▶ [What you will do]: After locating the line that holds "Casida Vitamin C", copy that line and all that follow it word for word through the end of the data, with no pictures.
Data to process below:
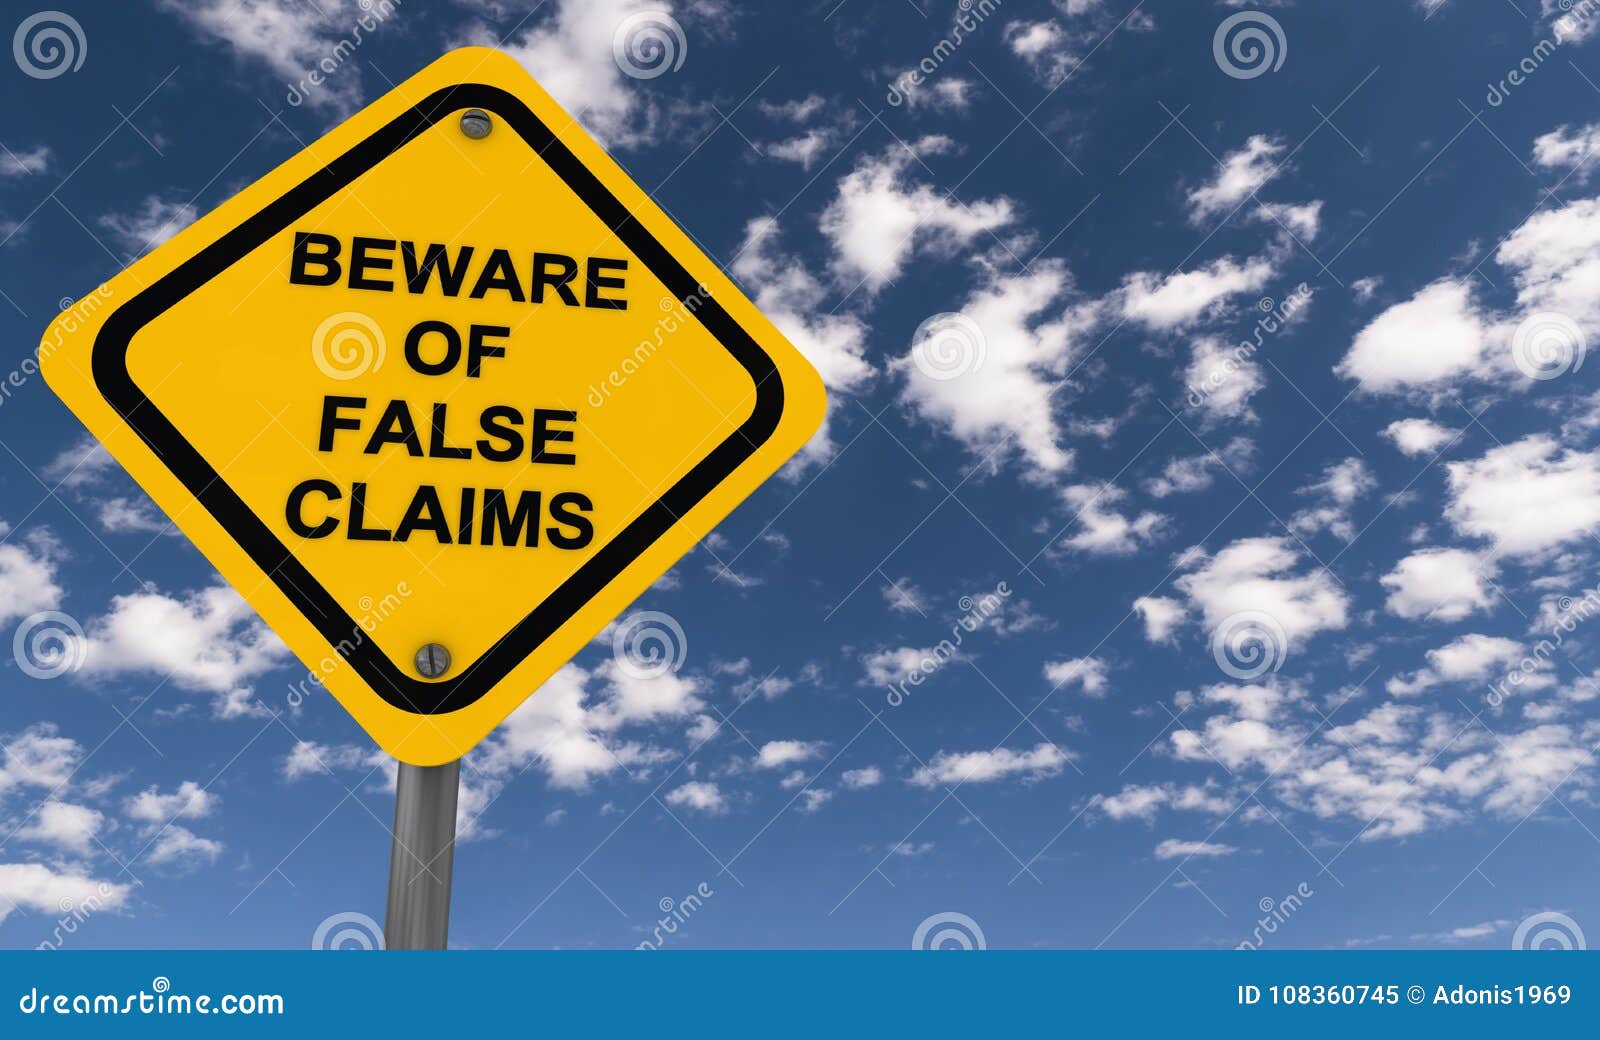 beware of false claims
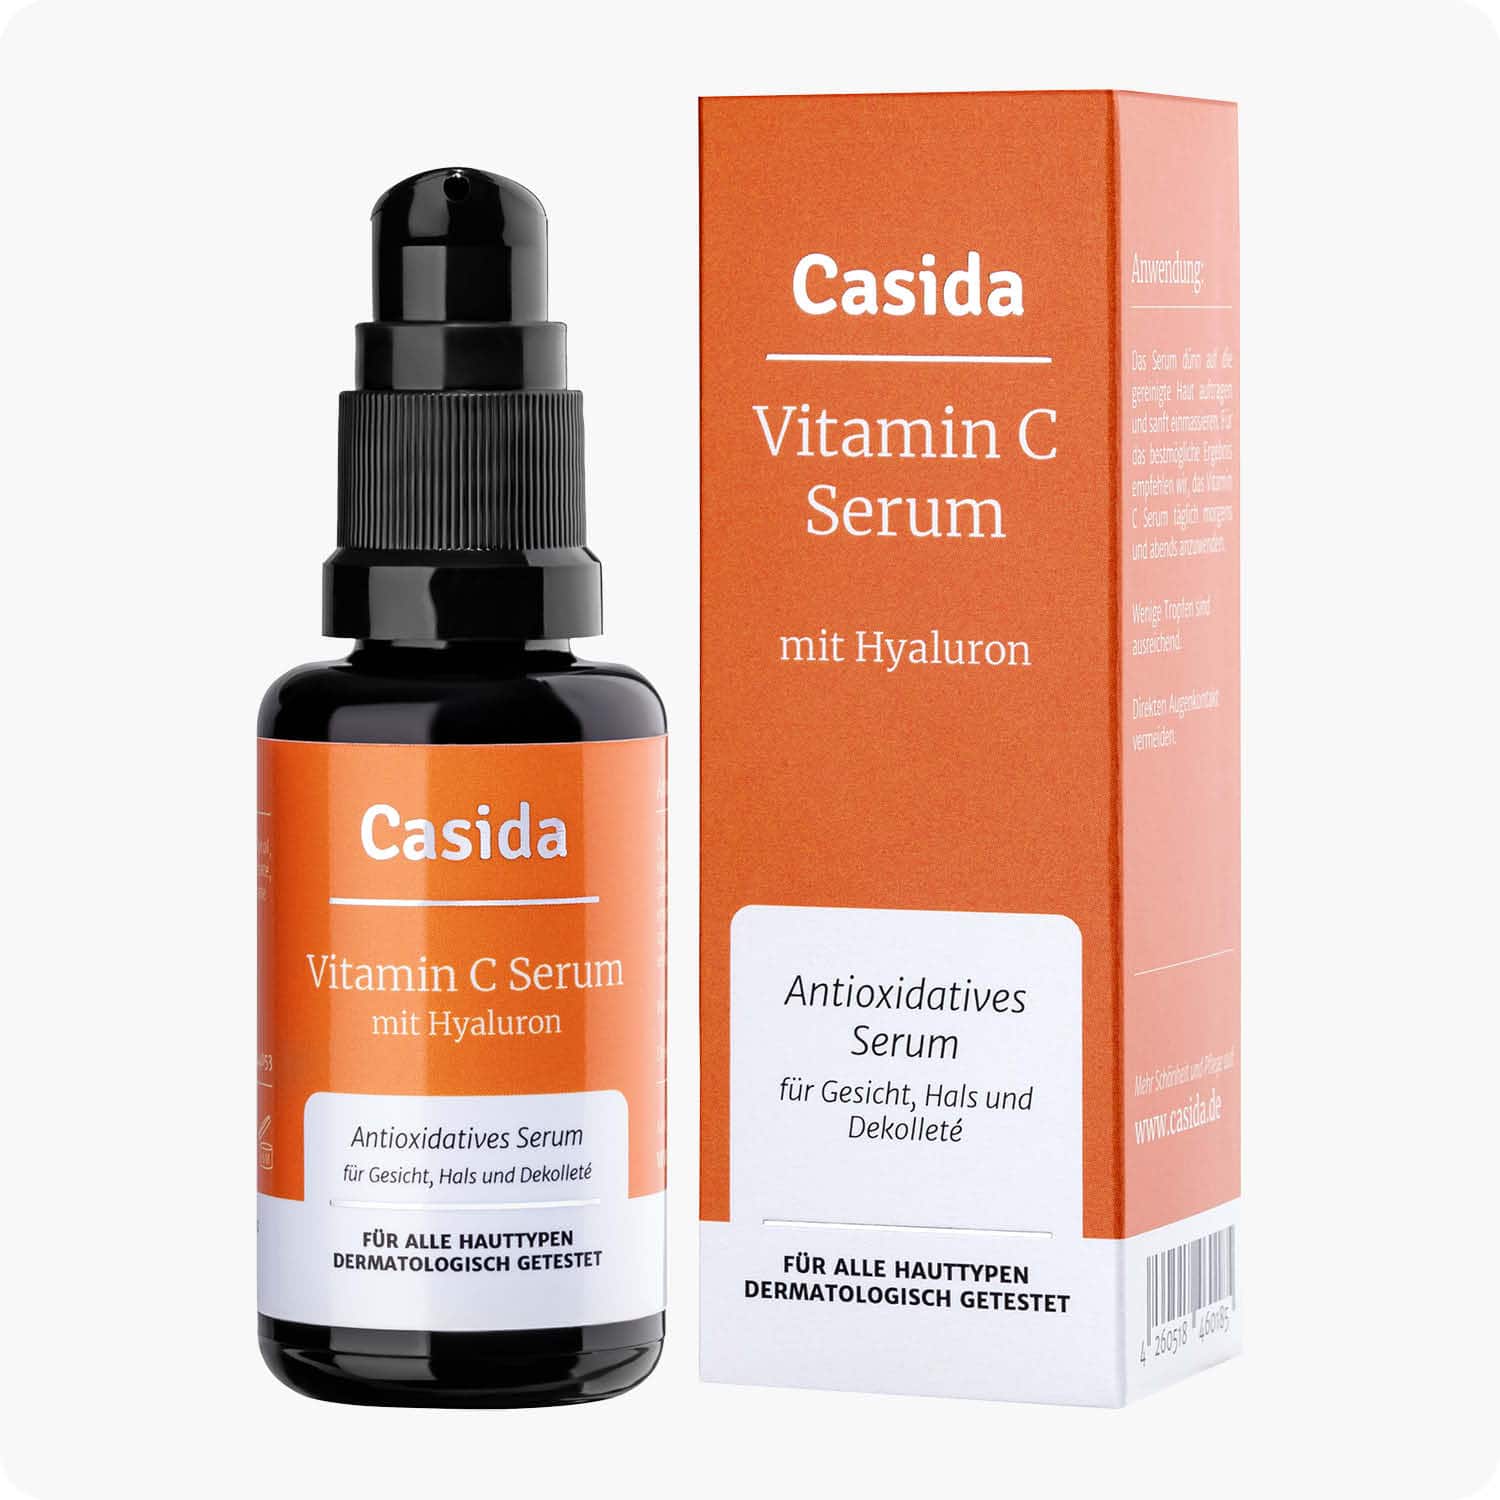 Casida Vitamin C Serum + Hyaluron – 30 ml 14044053 PZN Apotheke Antioxidantien Anti-Aging a (1)
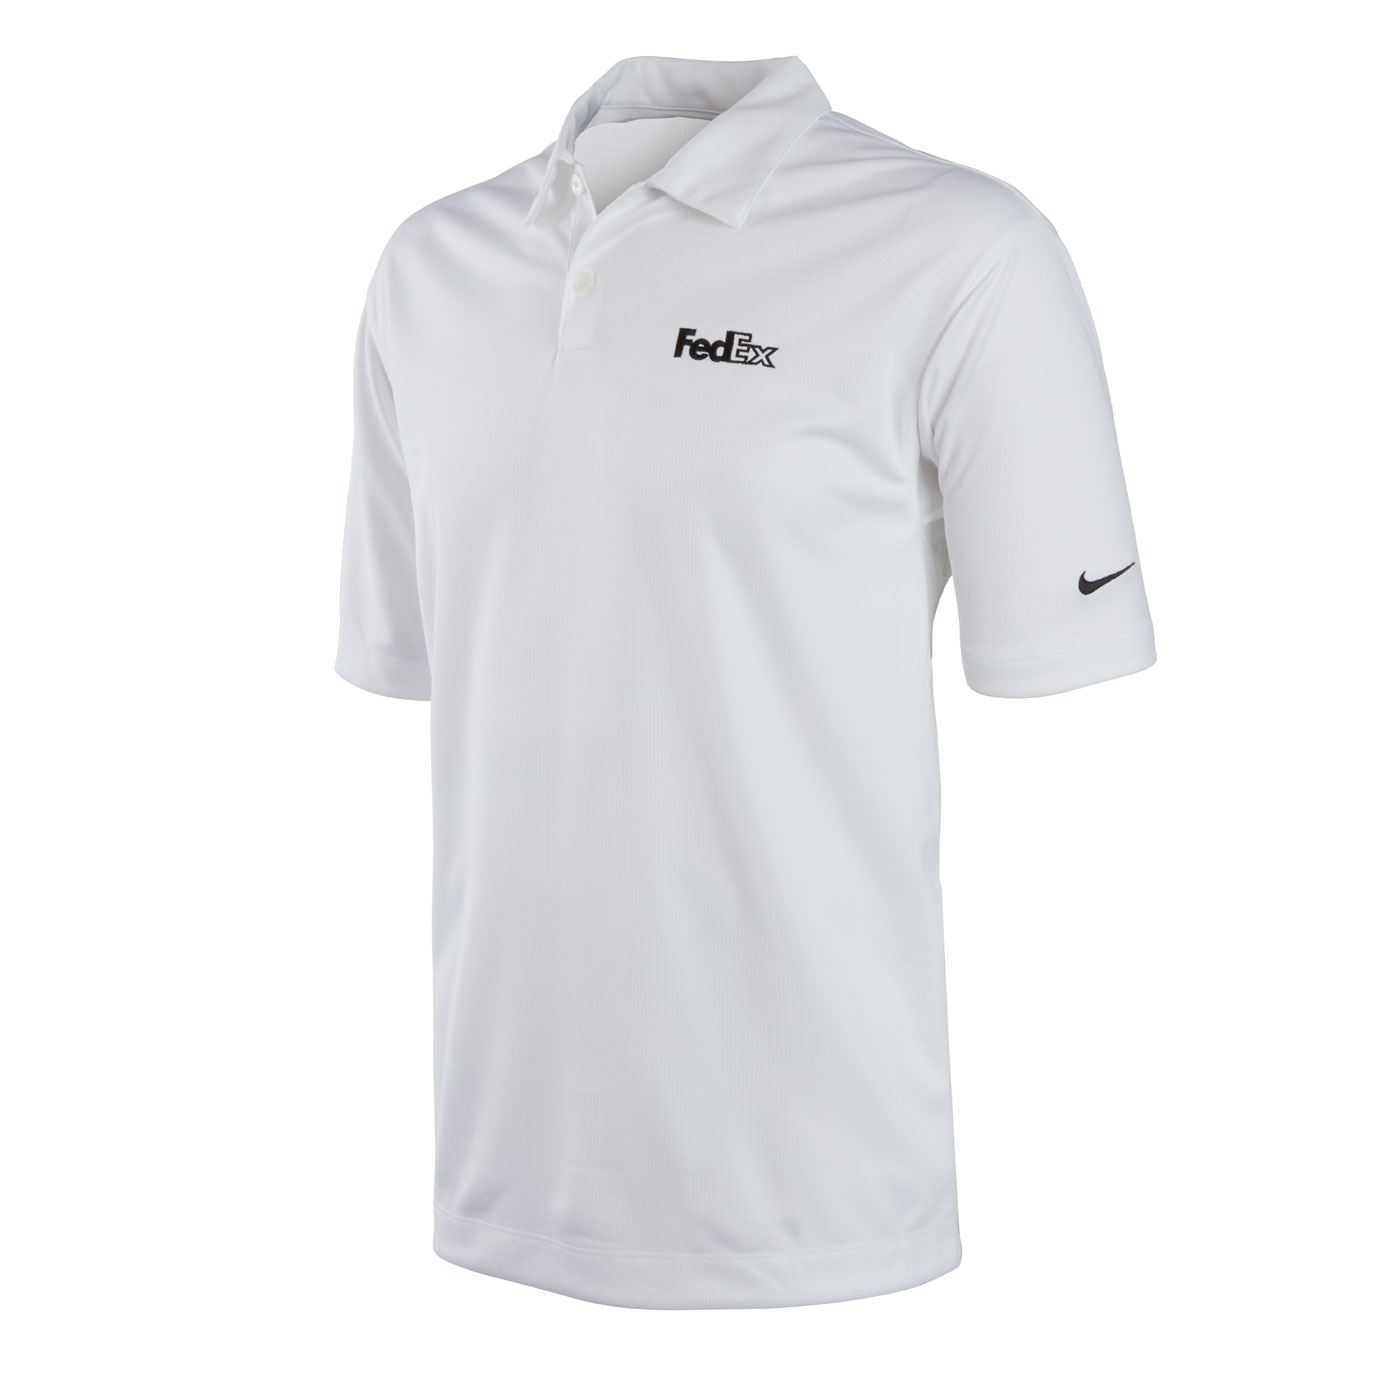 FedEx Nike Dri-FIT Pebble Polo | The FedEx Company Store
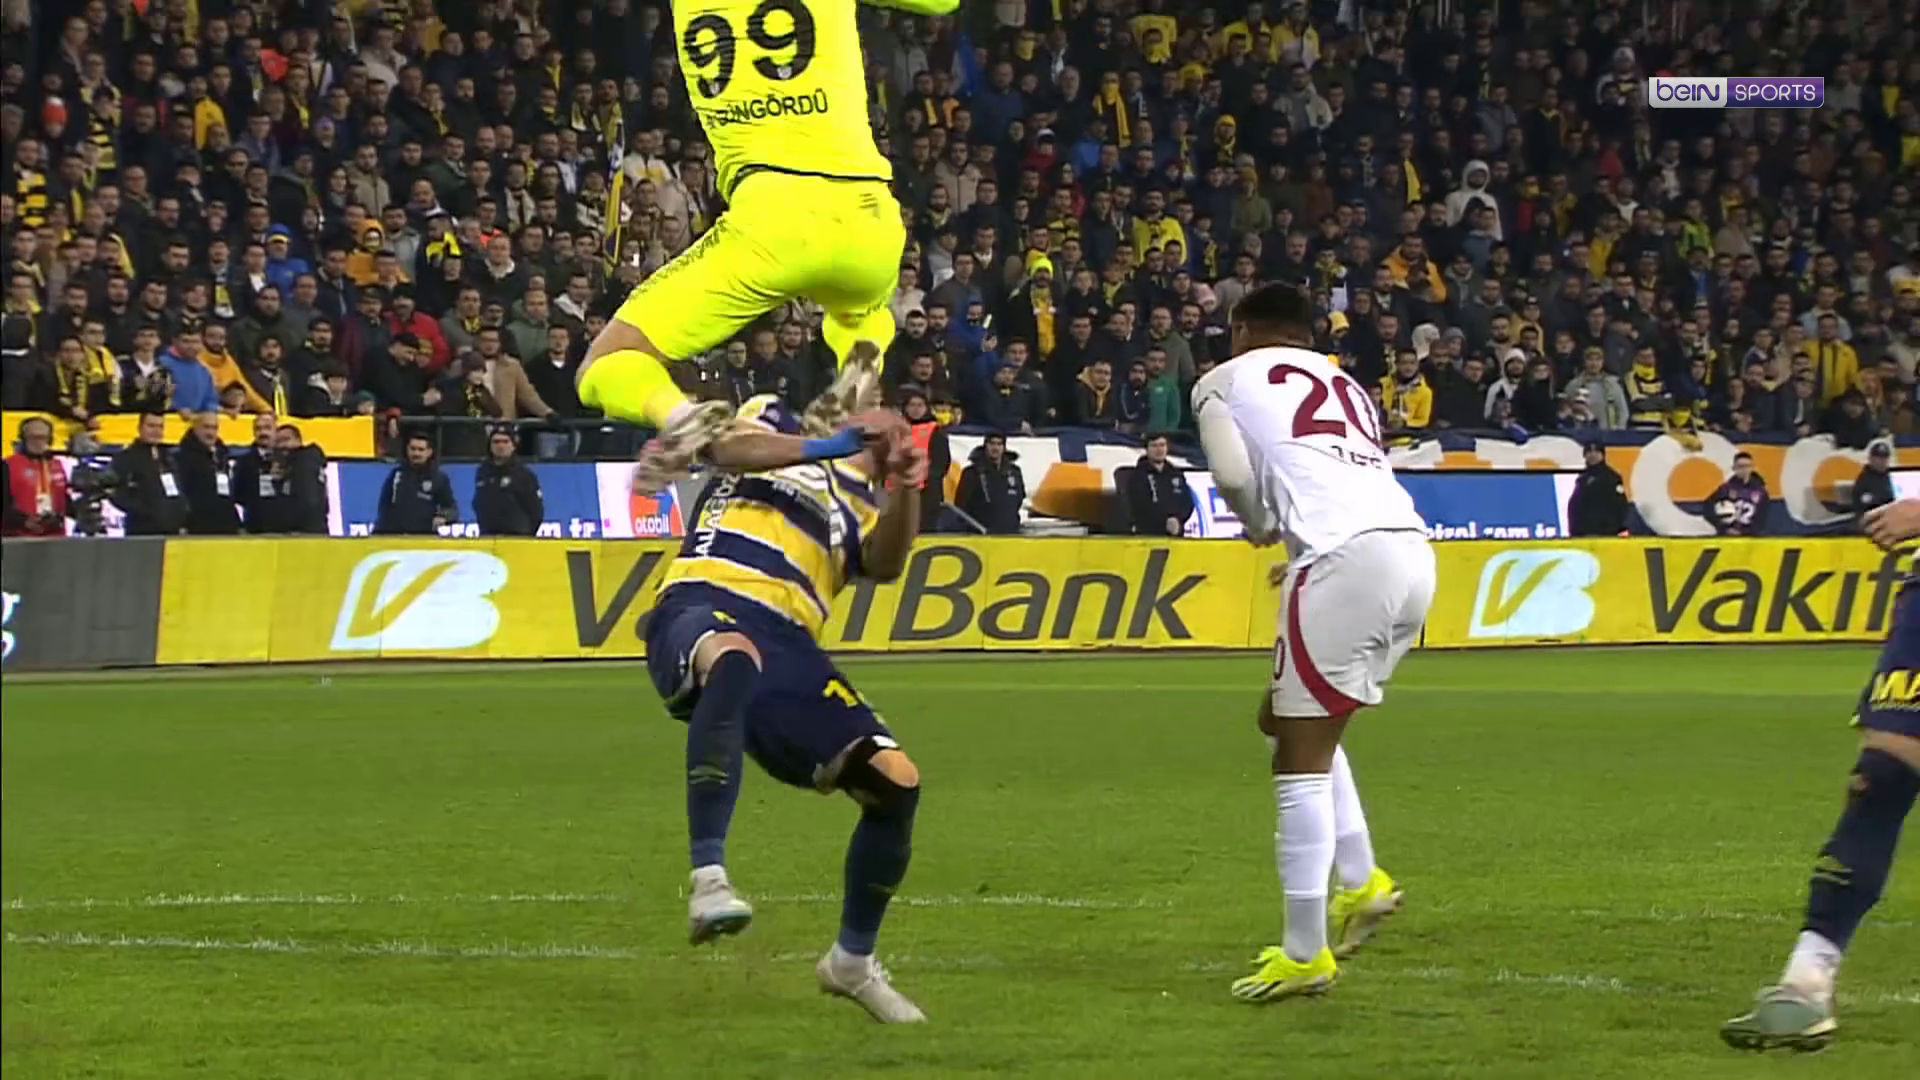 Süper Lig : Scène choc, un gardien met son défenseur K.O.
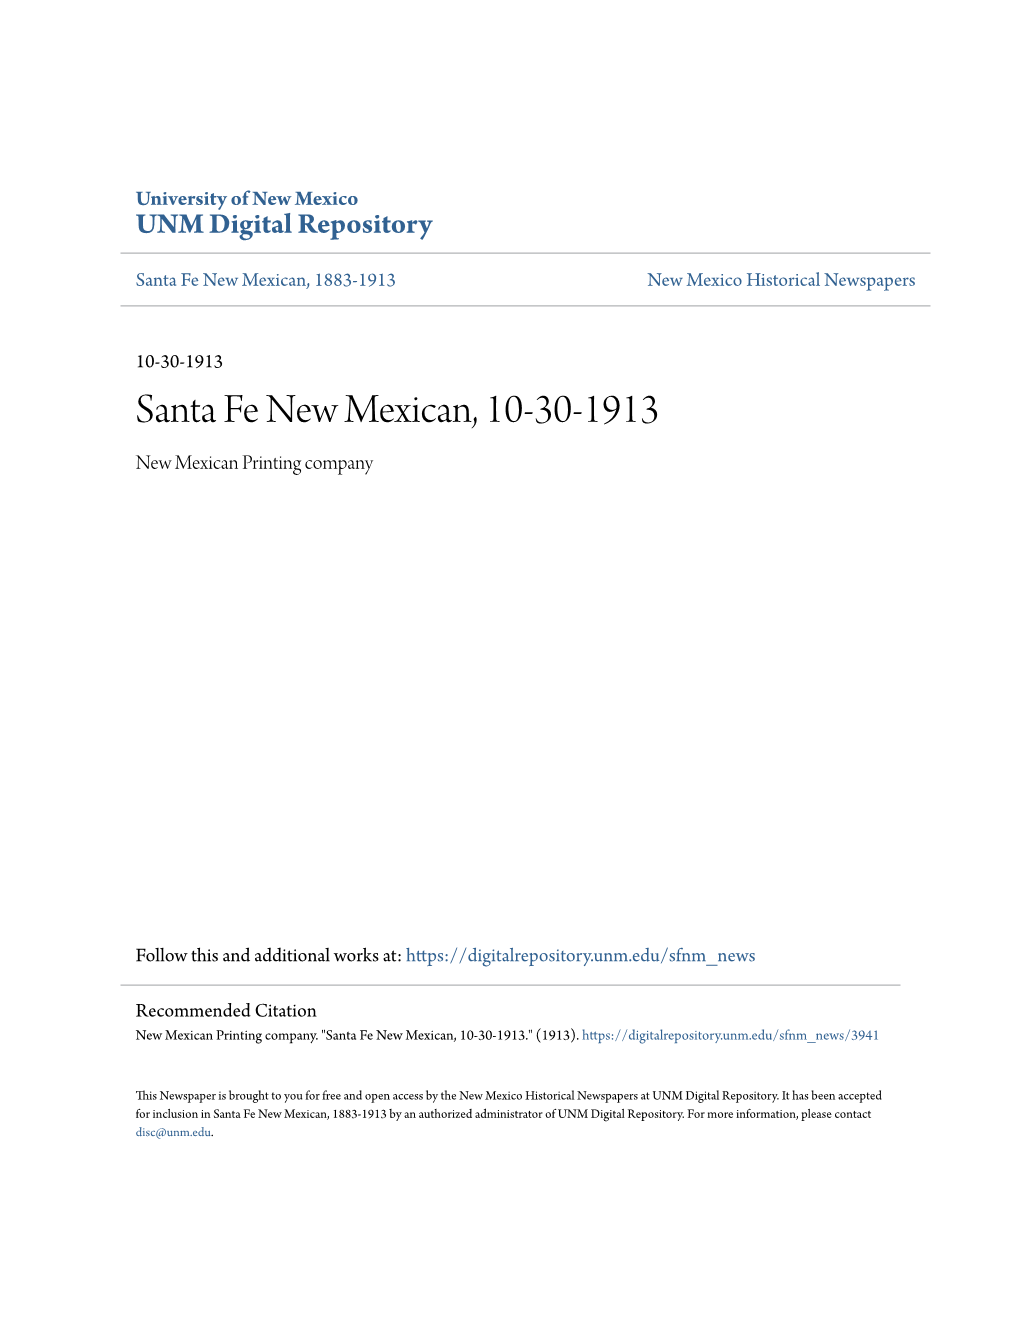 Santa Fe New Mexican, 10-30-1913 New Mexican Printing Company
End of Data to process.
▶ [Task result]:
 Casida Vitamin C Serum + Hyaluron – 30 ml 14044053 PZN Apotheke Antioxidantien Anti-Aging a (1)
 FedEx Nike Dri-FIT Pebble Polo | The FedEx Company Store
 Süper Lig : Scène choc, un gardien met son défenseur K.O.
 Santa Fe New Mexican, 10-30-1913 New Mexican Printing Company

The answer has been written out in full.